Most of the pieces in this first volume are short character pieces, many collected into longer suites. Like Nadia Boulanger she was interested in the monuments of French music history. She collected transcriptions of bits of music by Lully and other French and Italian composers in her Petites ouvertures d'airs anciens, while the influence of baroque style runs through her collection Fleurs de France and the Suite dans le style Louis XV. She was, among other things, talented at mimicry, with many of these brief pieces in imitation of various types of music both real and fanciful (Wagner, Debussy, Ravel, Sicilienne, Inca, Amazon).

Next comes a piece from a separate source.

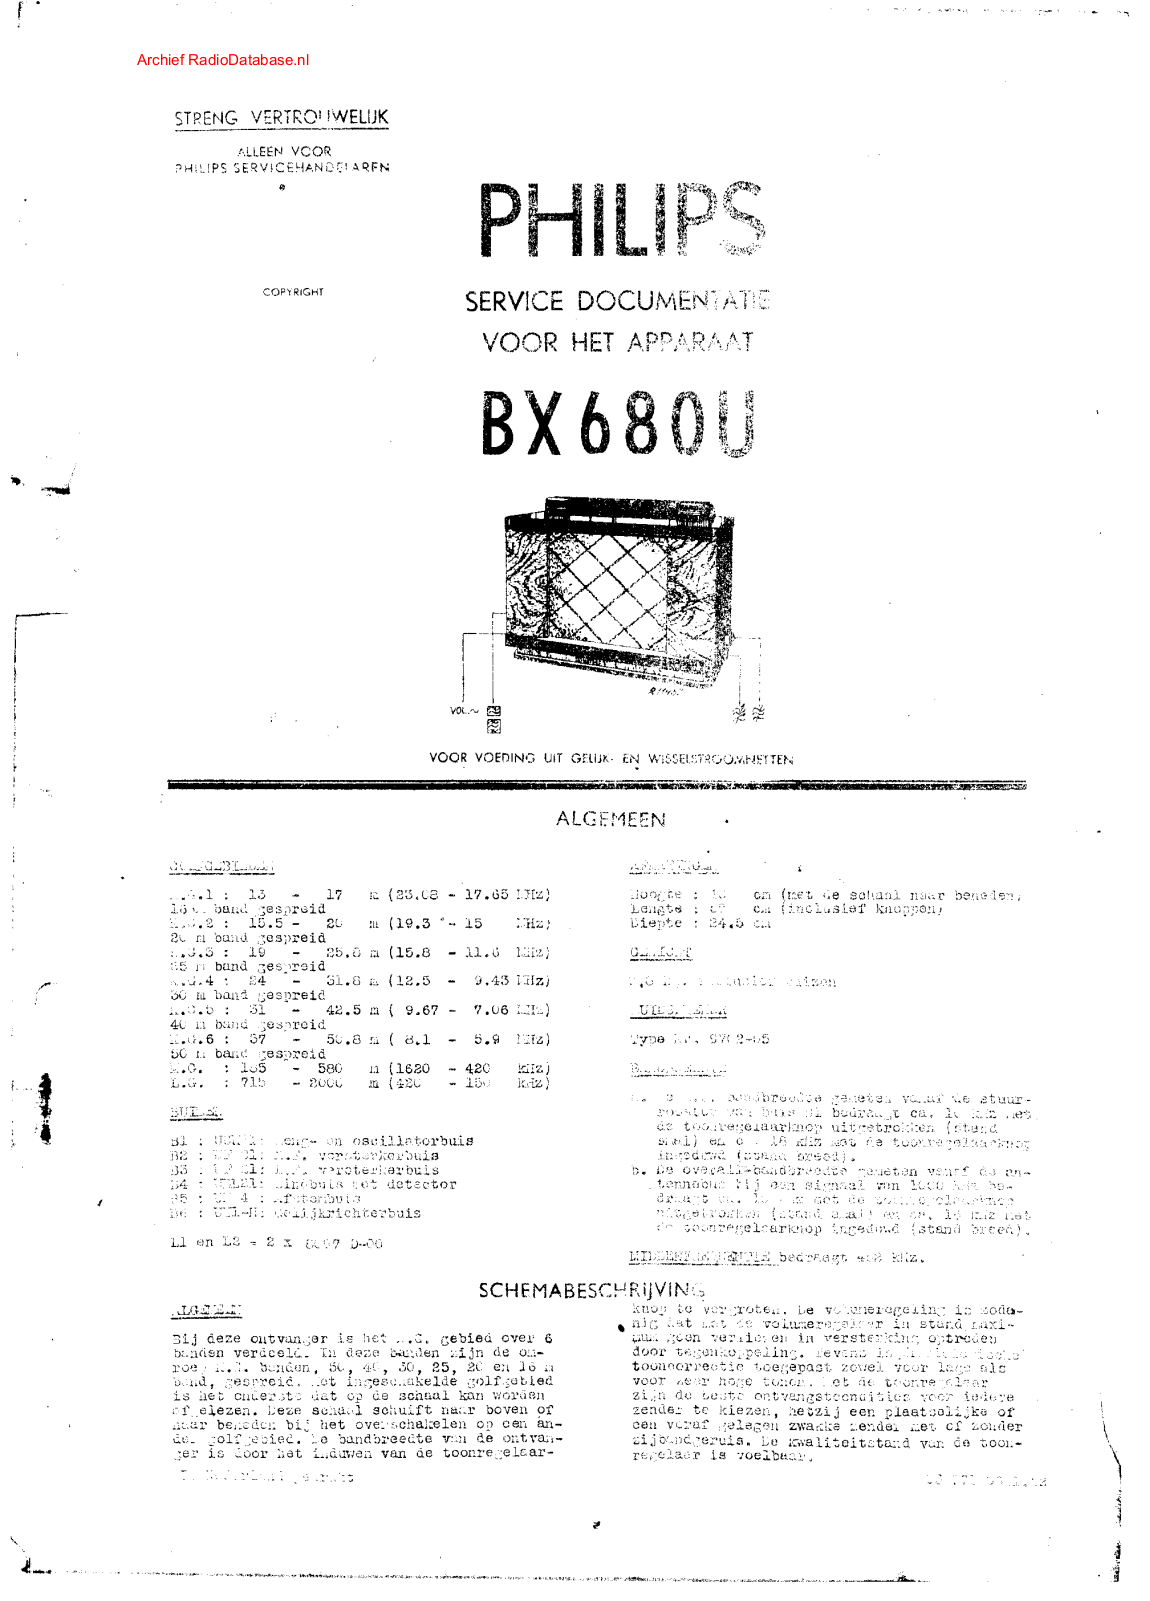 Philips BX680U Schematic

The only track longer than a few minutes is the piano version of her unusual score for Sous le rampart d'Athènes, music dominated by trilling figures that is probably much more interesting in its orchestral incarnation. Tailleferre met the writer Paul Claudel, the younger brother of the sculptor Camille Claudel, on a ship returning to Europe after her first American stay. He commissioned her to write incidental music for this "philosophical dialogue" written to commemorate the centenary of the scholar Marcellin Berthelot's birth. Horvath's interpretations are sensitive and profound, although at times there are some technical shortcomings, as in repeated-note sections, which can be a little hesitant and clotted.